Entries taken from a collection:
···
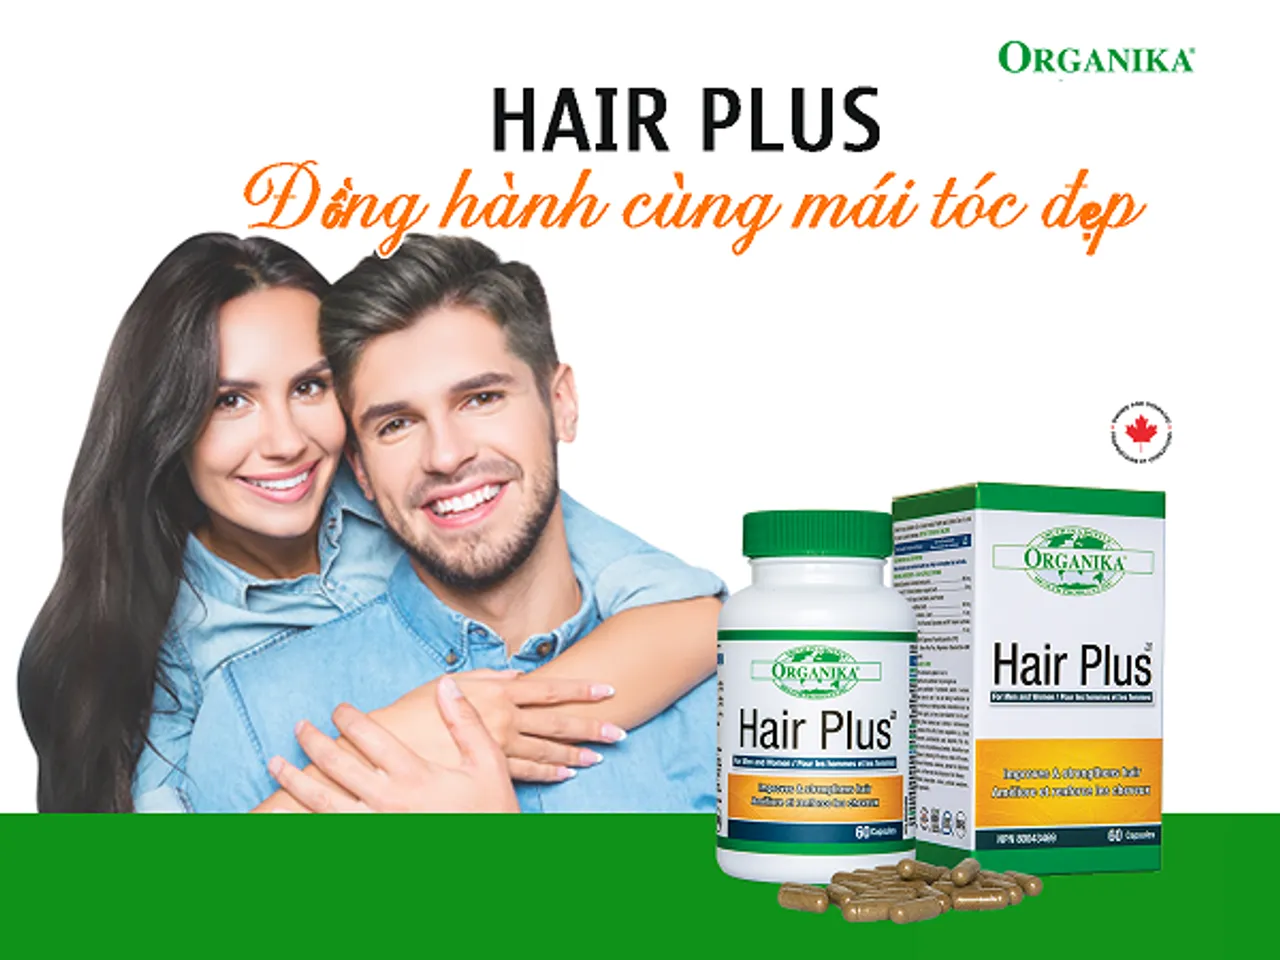 Viên uống Hair Plus Organika dành cho cả nam và nữ
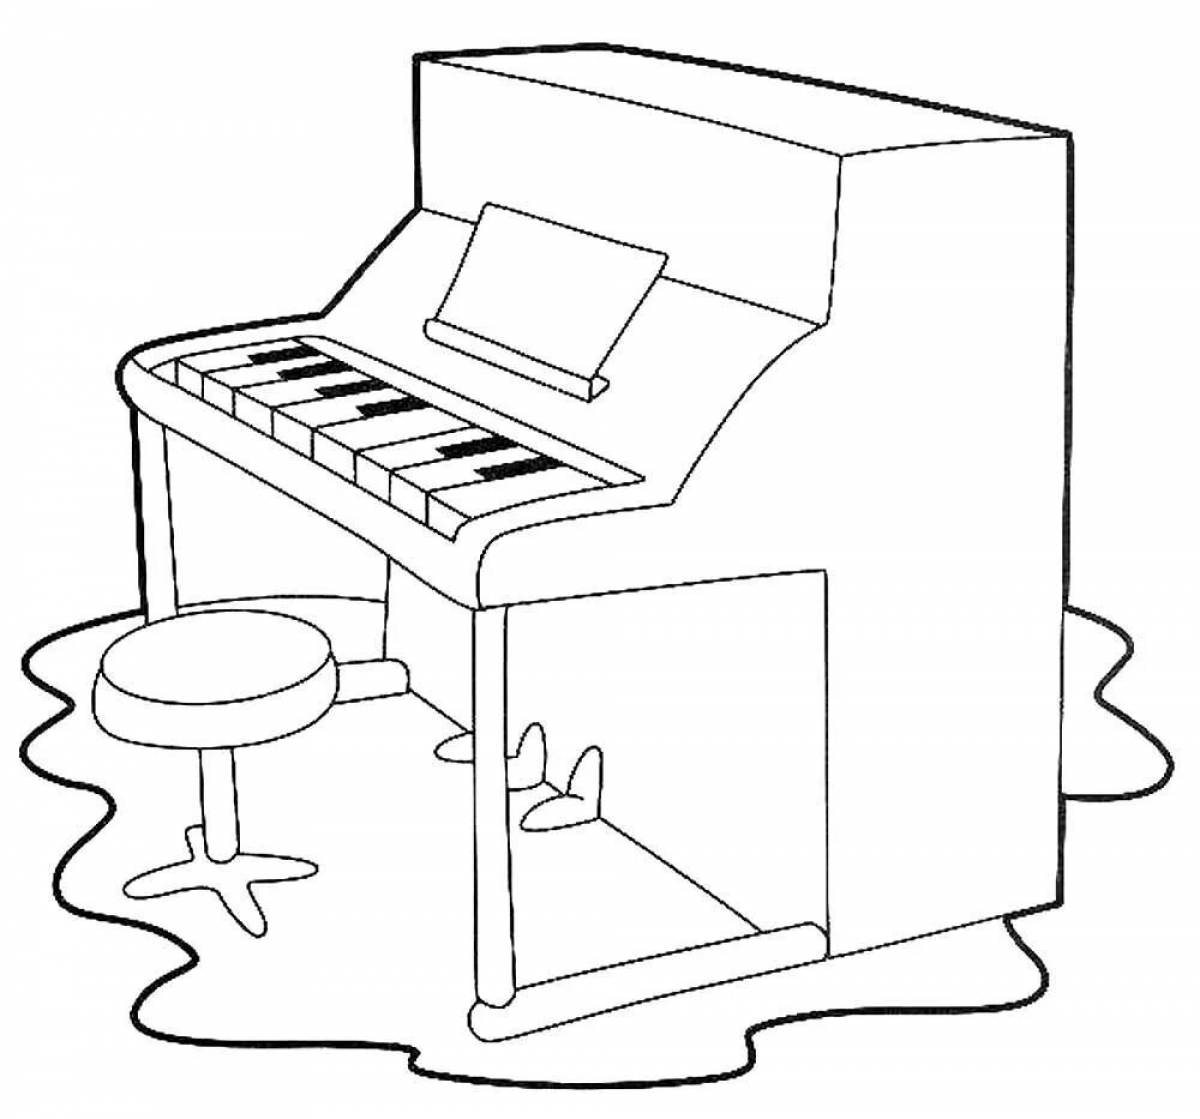 Children's piano #21
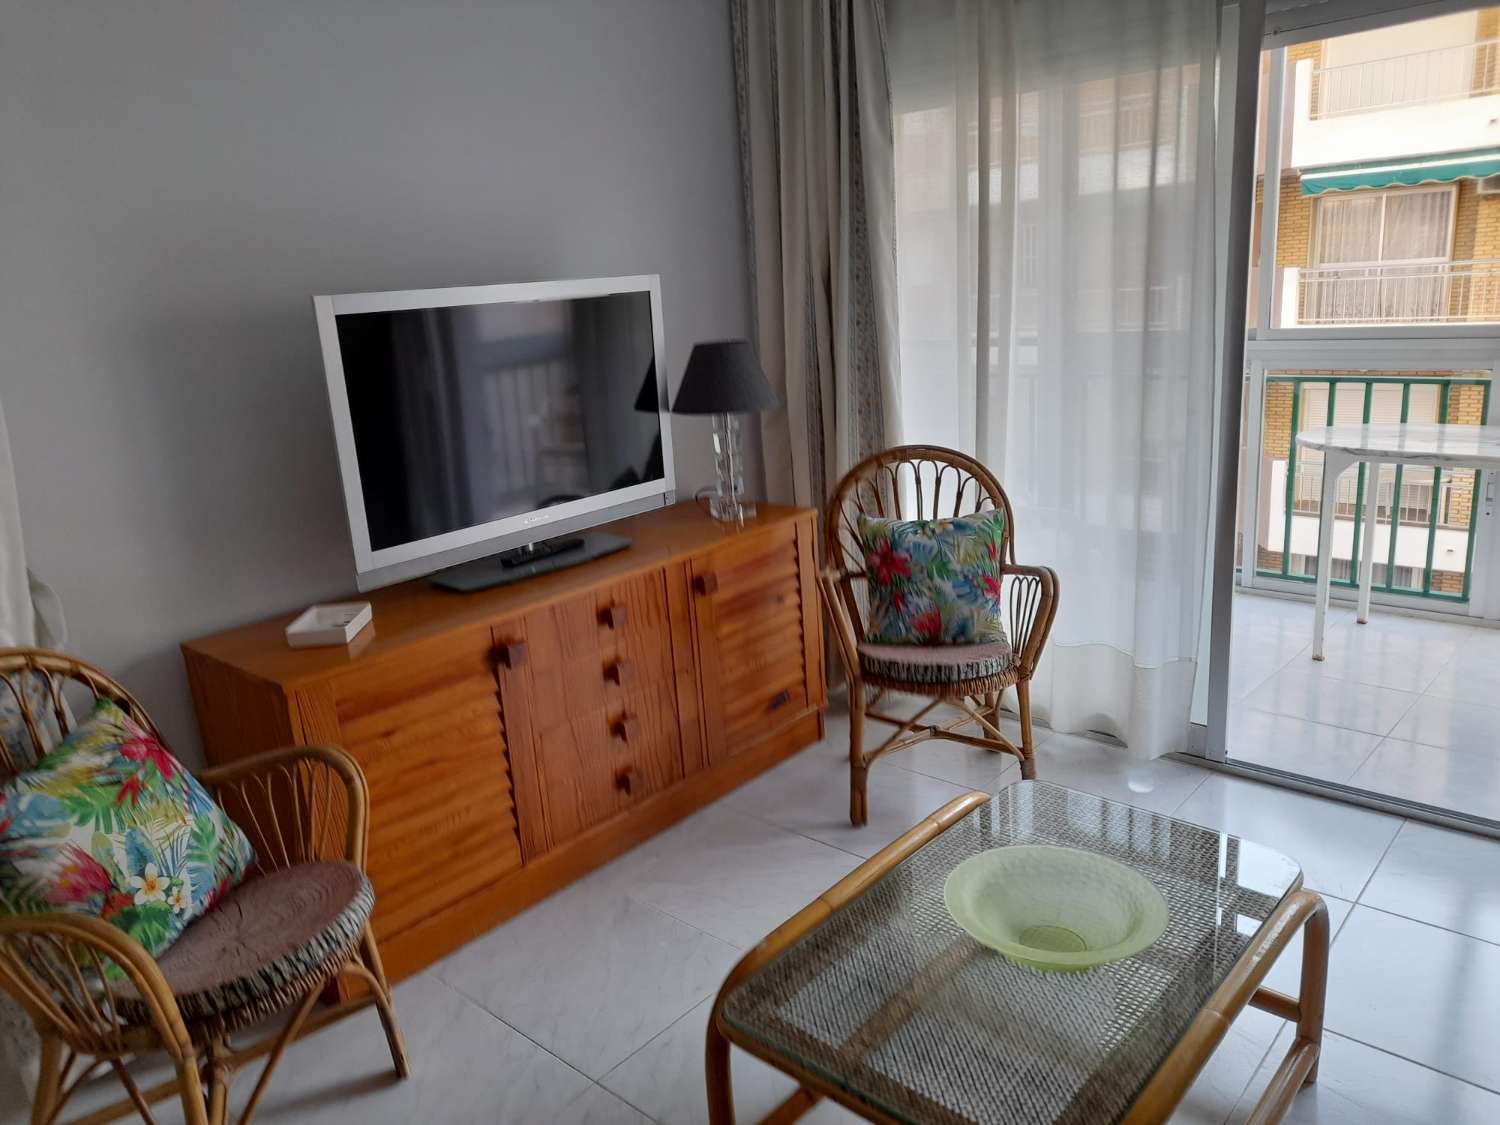 Te huur MIDDENSEIZOEN van 01/09/2023 tot 30/06/2024 Mooi appartement met zijdelings uitzicht op zee op de 2e lijn van het strand in Fuengirola
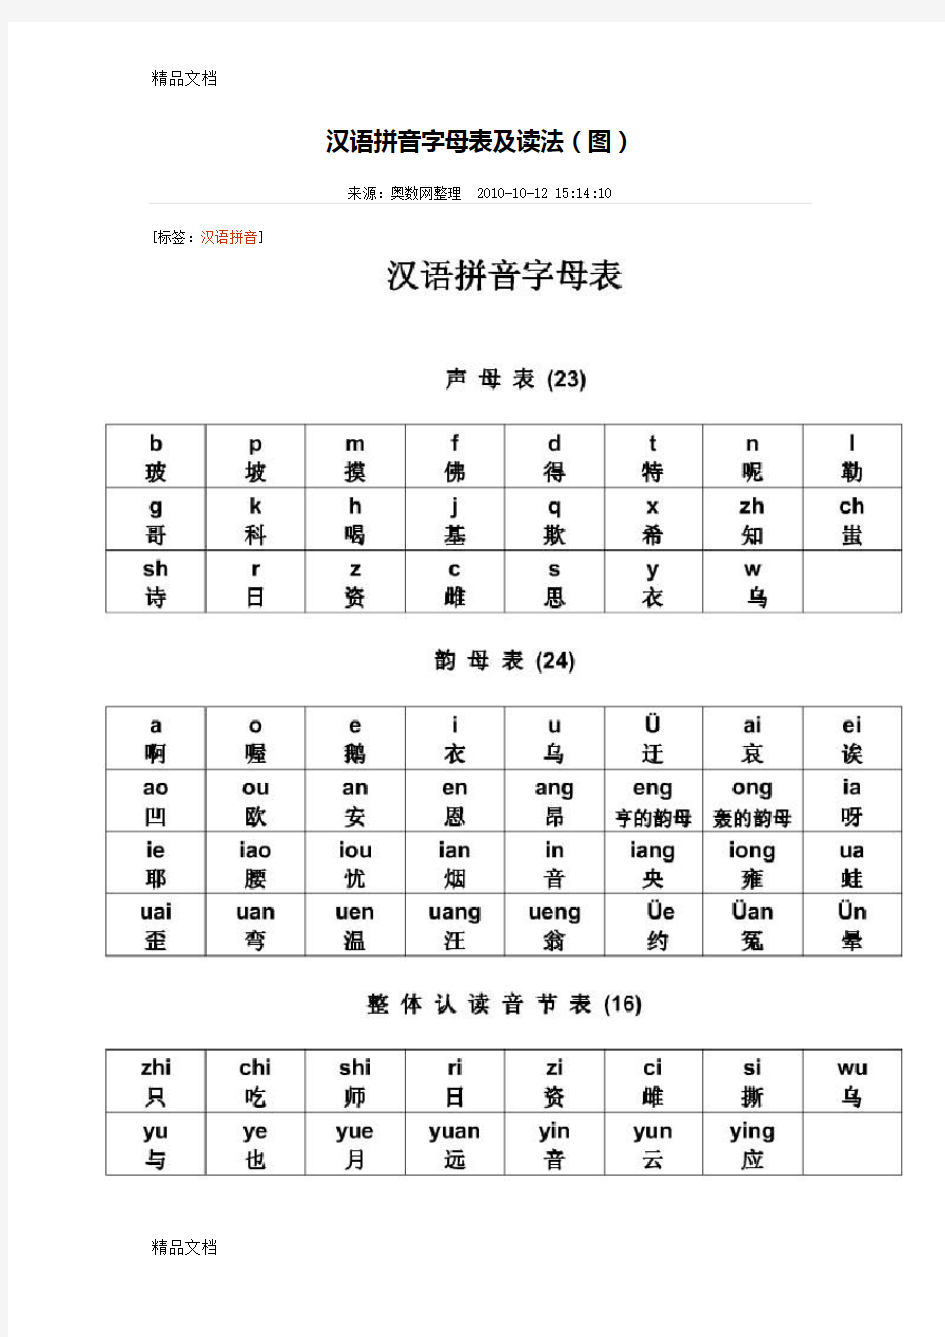 汉语拼音字母表及读法(图)学习资料
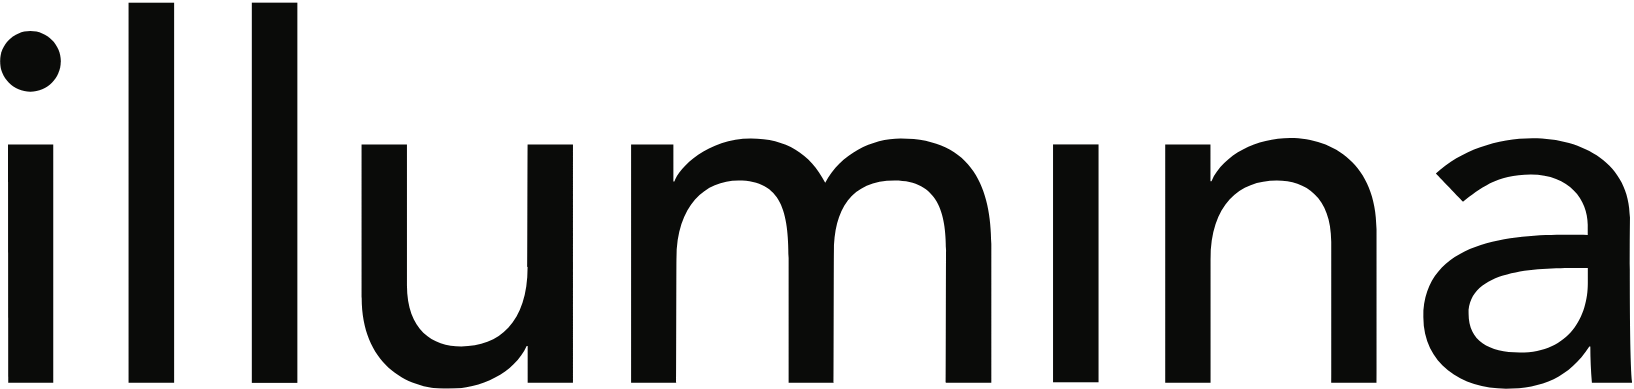 Illumina logo large (transparent PNG)
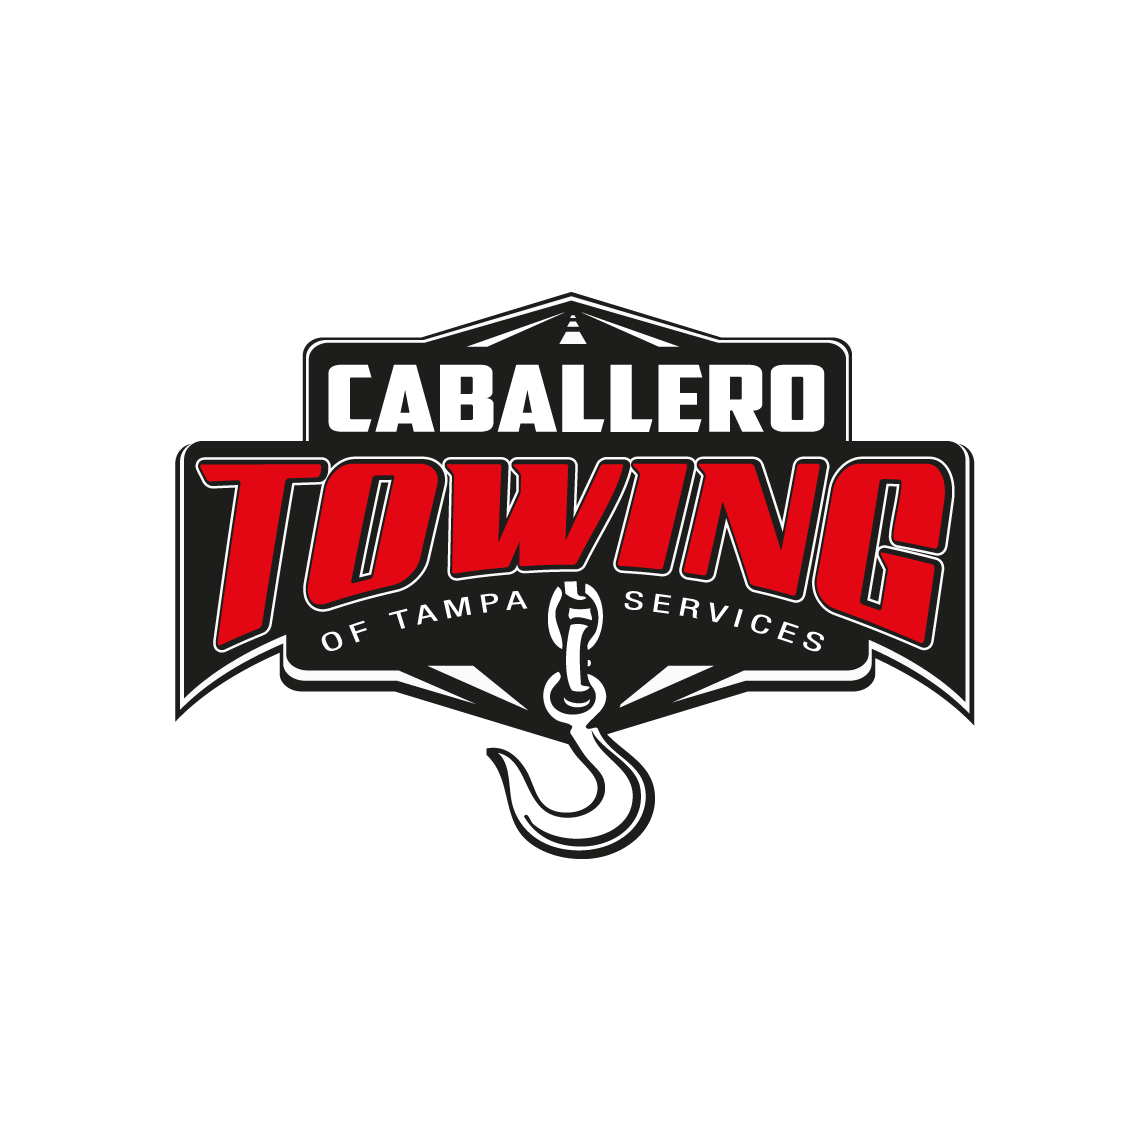 Caballero Towing - Brandon, FL - (813)842-5185 | ShowMeLocal.com
···
→ **HOW TO COMPLETE THIS TASK**
The line containing "Children's piano #21" and all lines after it, through the last line of the records, should be returned exactly. Omit the pictures.

→ **RESULT FOR THIS EXERCISE**
 Children's piano #21
 Te huur MIDDENSEIZOEN van 01/09/2023 tot 30/06/2024 Mooi appartement met zijdelings uitzicht op zee op de 2e lijn van het strand in Fuengirola
 汉语拼音字母表及读法(图)学习资料
 Illumina logo large (transparent PNG)
 Caballero Towing - Brandon, FL - (813)842-5185 | ShowMeLocal.com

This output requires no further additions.